Слуга вывел их в обеденный зал: прямоугольная готическая комнатка, с двумя массивными, на треть зажжёнными люстрами, длинным дубовым столом и резными сиденьями. Колонны, как и прежде, изобиловали мрамором, горбатые химеры таились по углам, а болезненно лиловый свет зловеще очертил фигуру Аллориума, восседавшего во главе. Как только они вошли в столовую, хранитель диадемы хлопнул в ладони и к столу потянулась змейка из покорных, неторопливых и нагло улыбающихся слуг. Они выставляли яства на подносах, томно кланялись и тут же уходили. Милан приметил деревянные таблички с именами каждого из команды напротив того места, где они должны были сидеть. Безусловно, Стефана Аллориум посадил по правую руку от себя, Деяна — слева. А вот Милан сидел вообще на противоположной от возлюбленного стороне; таким же оторванным от своего учителя оказался и Андрей. Прежде приветствия сумрачный юноша поднялся и жестом пригласил их садиться по местам.

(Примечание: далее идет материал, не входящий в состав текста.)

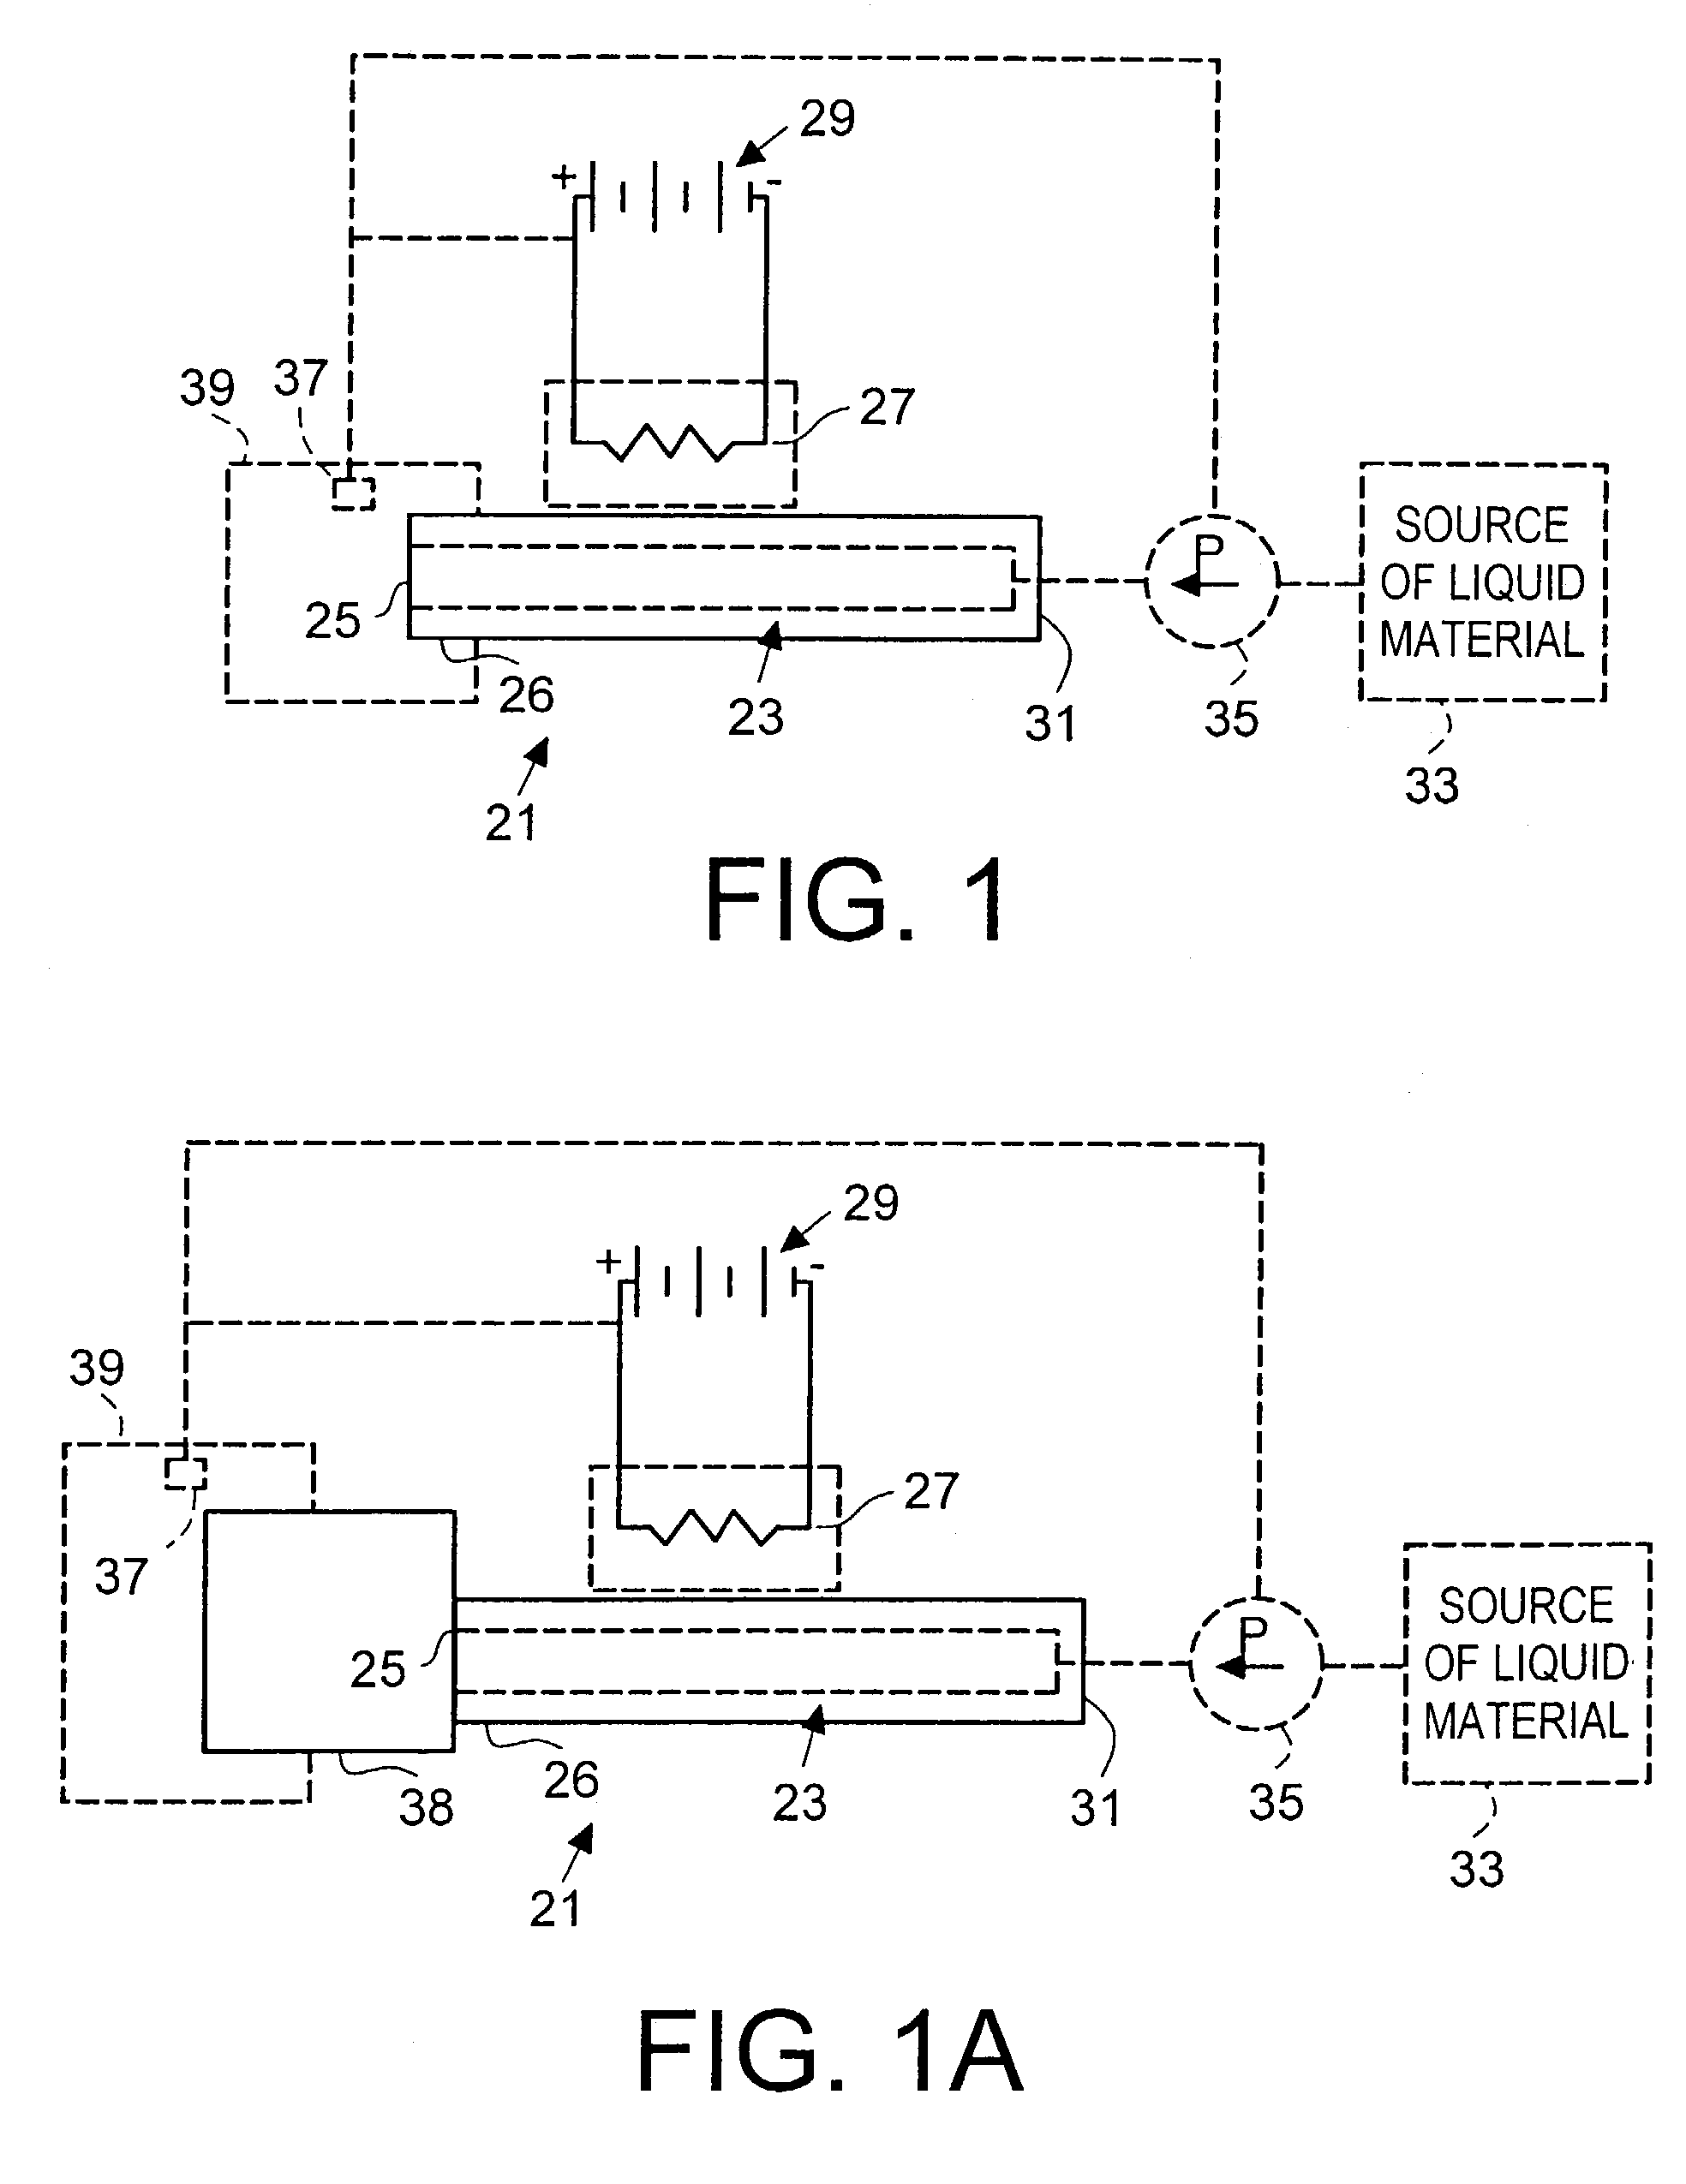 Method and apparatus for generating an aerosol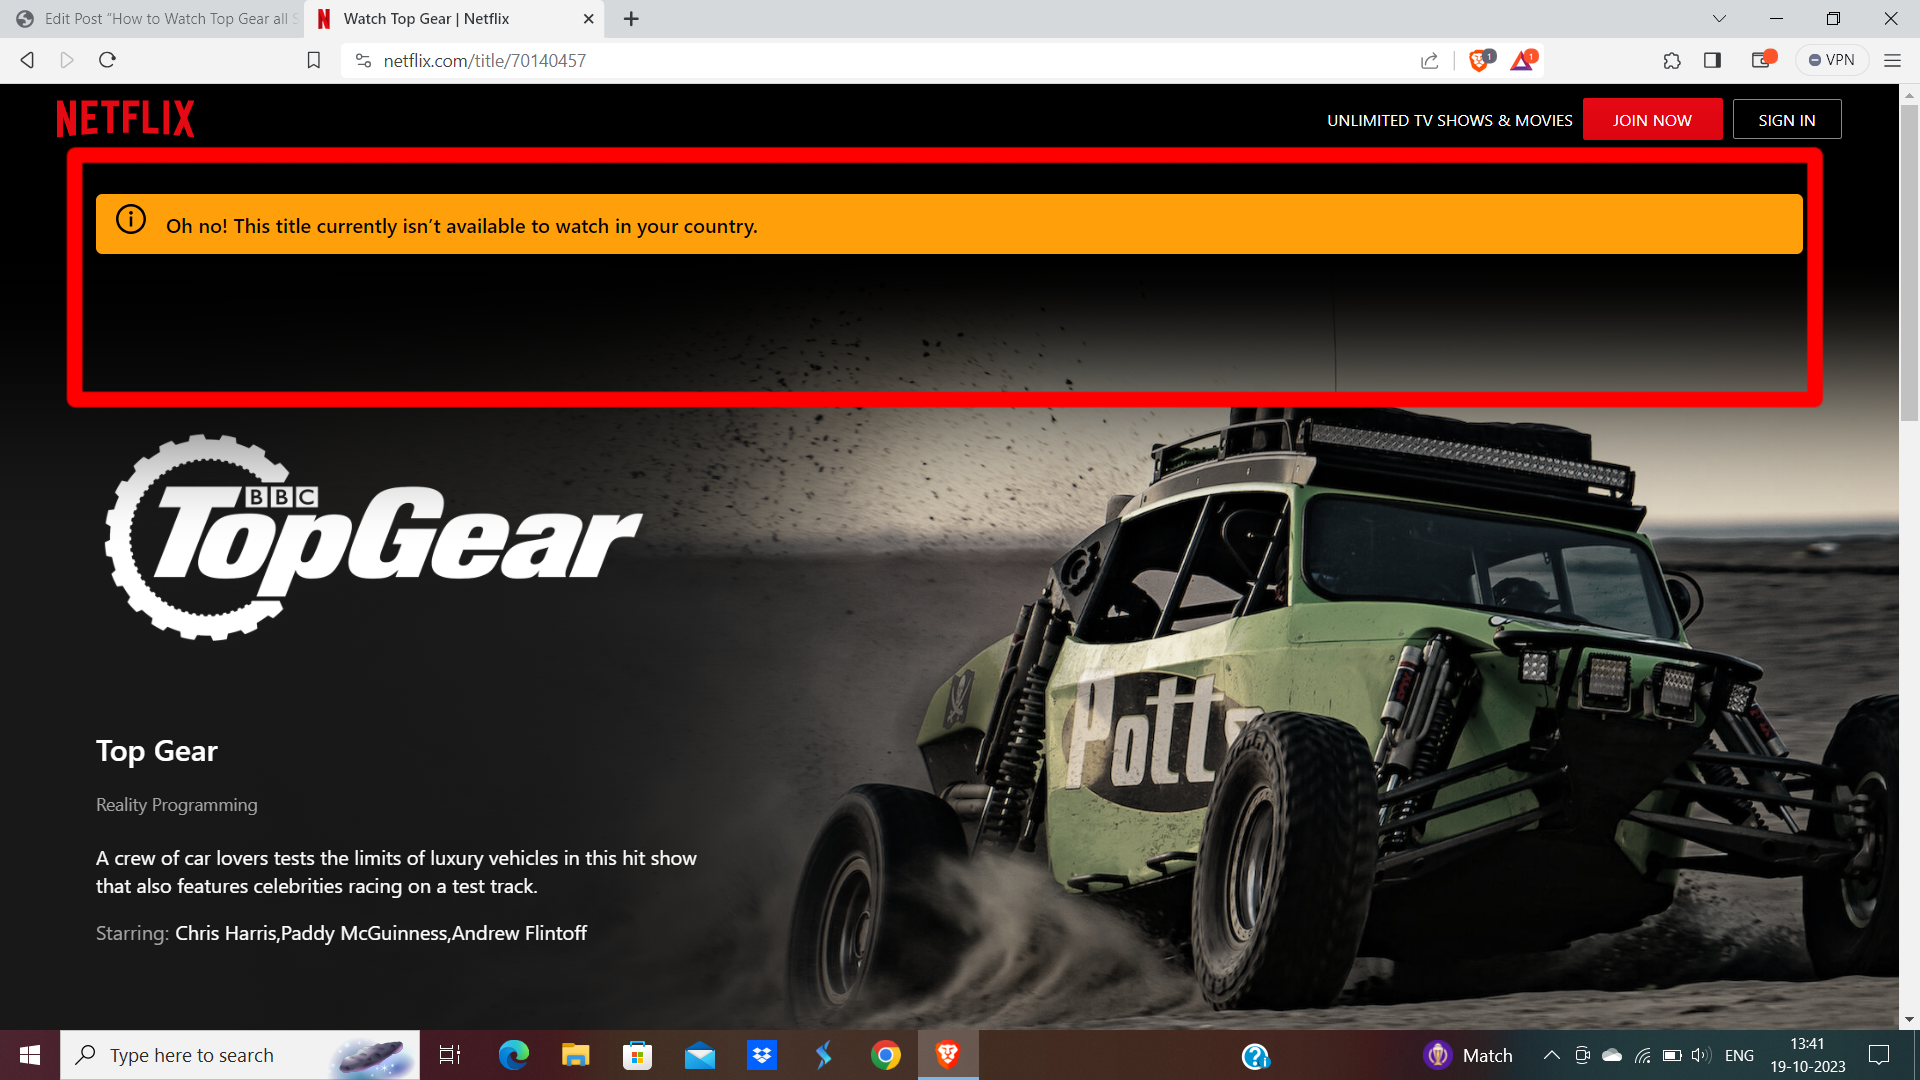 Top Gear is not available on Netflix

— Доброе утро, мои дорогие друзья! Как вам отдыхалось? Было ли уютно? — его напыщенные медовые речи лились бесконечной приторной рекой из вопросов, лживых уточнений и подобострастного внимания. Стефан, как лидер команды, жертвенно взвалил на себя обязанность отвечать сдержанно и даже мягко, чтобы не оттолкнуть существо, от желания которого зависел их грандиозный план. Аллориум же, будто заранее знал, что именно Стефан станет его собеседником, засыпал его журчащей беседой, смехом, улыбками, да так, что они едва позабыли о завтраке! Спохватившись, юноша отстал от объекта своего чрезмерного внимания и обратился ко всем:
— Что ж, прошу испробовать наши скромные познания в кухонном мастерстве людей! Мы такое не едим, но я с удовольствием разделю с вами вашу трапезу… Помню, пробовал когда-то ваш кофе — что за великолепный напиток! Как горечь может быть сладка, а сладость — так печальна? — Аллориум почему-то взглянул на Стефана и склонил голову, очаровательно улыбнувшись. — Но оказывается — может быть, очень может…
Милан судорожно вздохнул и попытался успокоить уже чесавшиеся кулаки под столом. Вся эта наигранная нежность и соблазнительность бурной рекой неслась на одного лишь Стефана. Второй стул от начала — вроде бы, не так далеко, но Милан уже терял контроль над беседой и просто так не мог вставить едкое словечко, дабы сбить градус накалявшегося флирта. Стефан, вынужденный держать себя в рамках приличия, кидал на него умоляющие взгляды и отбивался от удушающего внимания Аллориума.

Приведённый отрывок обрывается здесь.